While 90% of users of game theory say using it creates value for procurement, only 9% of procurement professionals use game theory in their work, according to a recent CIPS and TWS Partners survey.
The results were revealed at an exclusive event for procurement leaders, hosted in London by SM Insider and TWS Partners.
TWS Partners director Sebastian Moritz said it was interesting that 80% who don’t apply game theory today believe it can create value for those working in procurement.
He added that the level of adaptation was likely to grow. Almost two-thirds (63%) of senior professionals who took part in the survey said they believed their organisations would use game theory in the near future.
Game theory is the modelling of interactions between different parties each pursuing their own interests. Based on mathematical theories of rational behaviour, it can be applied in business to interactions between decision makers doing business in competitive situations, such as clients and their suppliers.
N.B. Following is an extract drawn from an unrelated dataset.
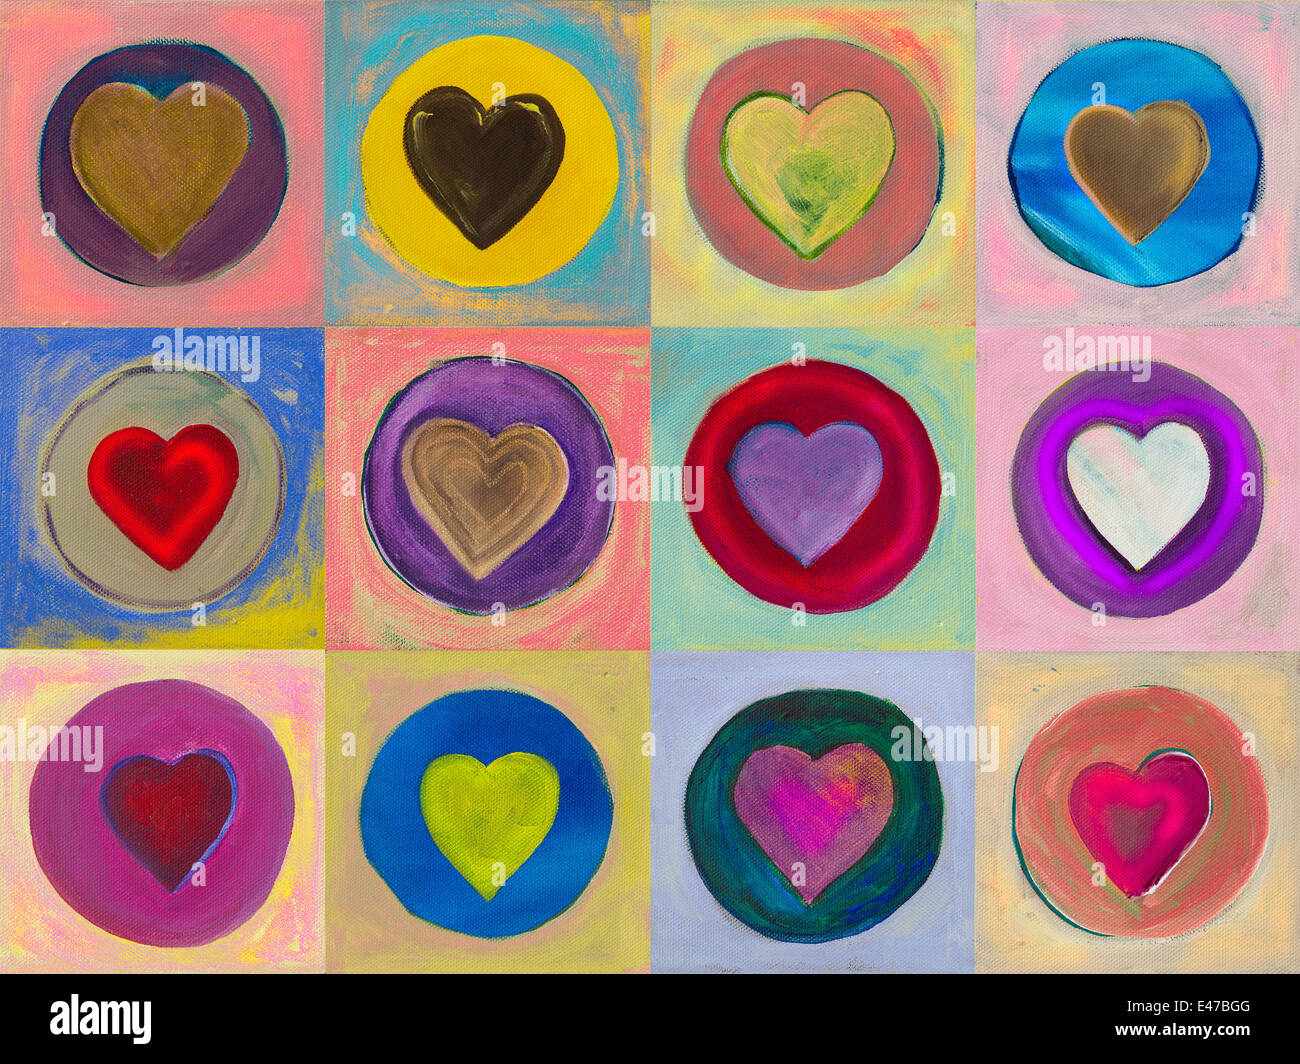 Abstract art, contemporary geometric painting. For the love of hearts. Stock Photo
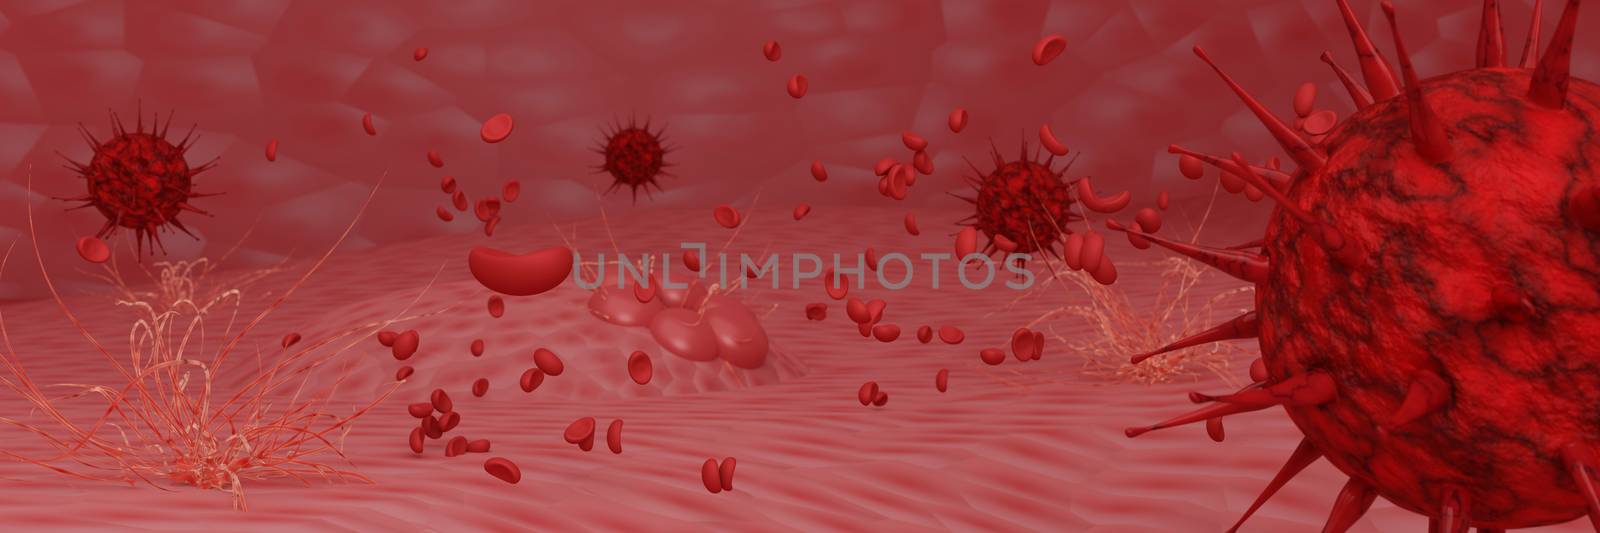 Model for Coronavirus Covid-19 outbreak and coronaviruses influenza concept   dangerous flu strain cases as a pandemic medical health risk  with disease cell as a 3D render

TWS Partners founder and CEO Marcus Schreiber said game theory could be a “game changer for the way a company sees procurement”.
He explained that businesses typically think from “left to right” whereas a game theorist considers all possible outcomes first and questions whether he wants to end up in one of those scenarios before proceeding. Only after having done this analysis, a strategy is defined to achieve the most favourable outcome. If a different outcome is more favourable, then what strategy should be applied to achieve it?
Schreiber said that applying game theory techniques makes procurement more of a strategic partner. “One thing is the result but the other thing is the journey of procurement from being the service provider to the next step of becoming the owner of the entire sourcing process,” in order to “lead instead of being led” he said.
In the panel discussion, Mark Roberts, continuous improvement director at the Government Commercial Function, called game theory “the best kept secret in procurement”. “It’s great opportunity for us as a profession to open our eyes and have a wider understanding of the possibilities,” he said. “It’s such a rich application. It’s not just strategic sourcing, this is strategic sourcing based on Nobel prize-winning research.”
Abhinay Muthoo, professor of economics at the University of Warwick and a game theory expert, said everyone was a game theorist, “but you just don’t know it”.
He added: “Another way of saying game theorist is being strategic. The tools of game theory are to sharpen you as a strategist. Game theory could mean getting 1% better on a deal that translates into millions or even billions.”
Global purchasing director of Jaguar Land Rover Neil Marsons said much of the automotive firm’s success after it was sold to TATA Motors in 2008 can be attributed to the methodology. He said the application of game theory had contributed to “millions” in savings.
For game theory to be successfully implemented into procurement strategy, Marsons said investment, commitment and collaboration were key ingredients.
He said internal buy-in was also critical. “If you think you’re going to do it on your own from a standing start, then you will fail,” he cautioned. “There are lots of internal influences within big organisations that will invariably conflict with the application of game theory. The support and the commitment from the leadership, right up to the CEO, must be in place.”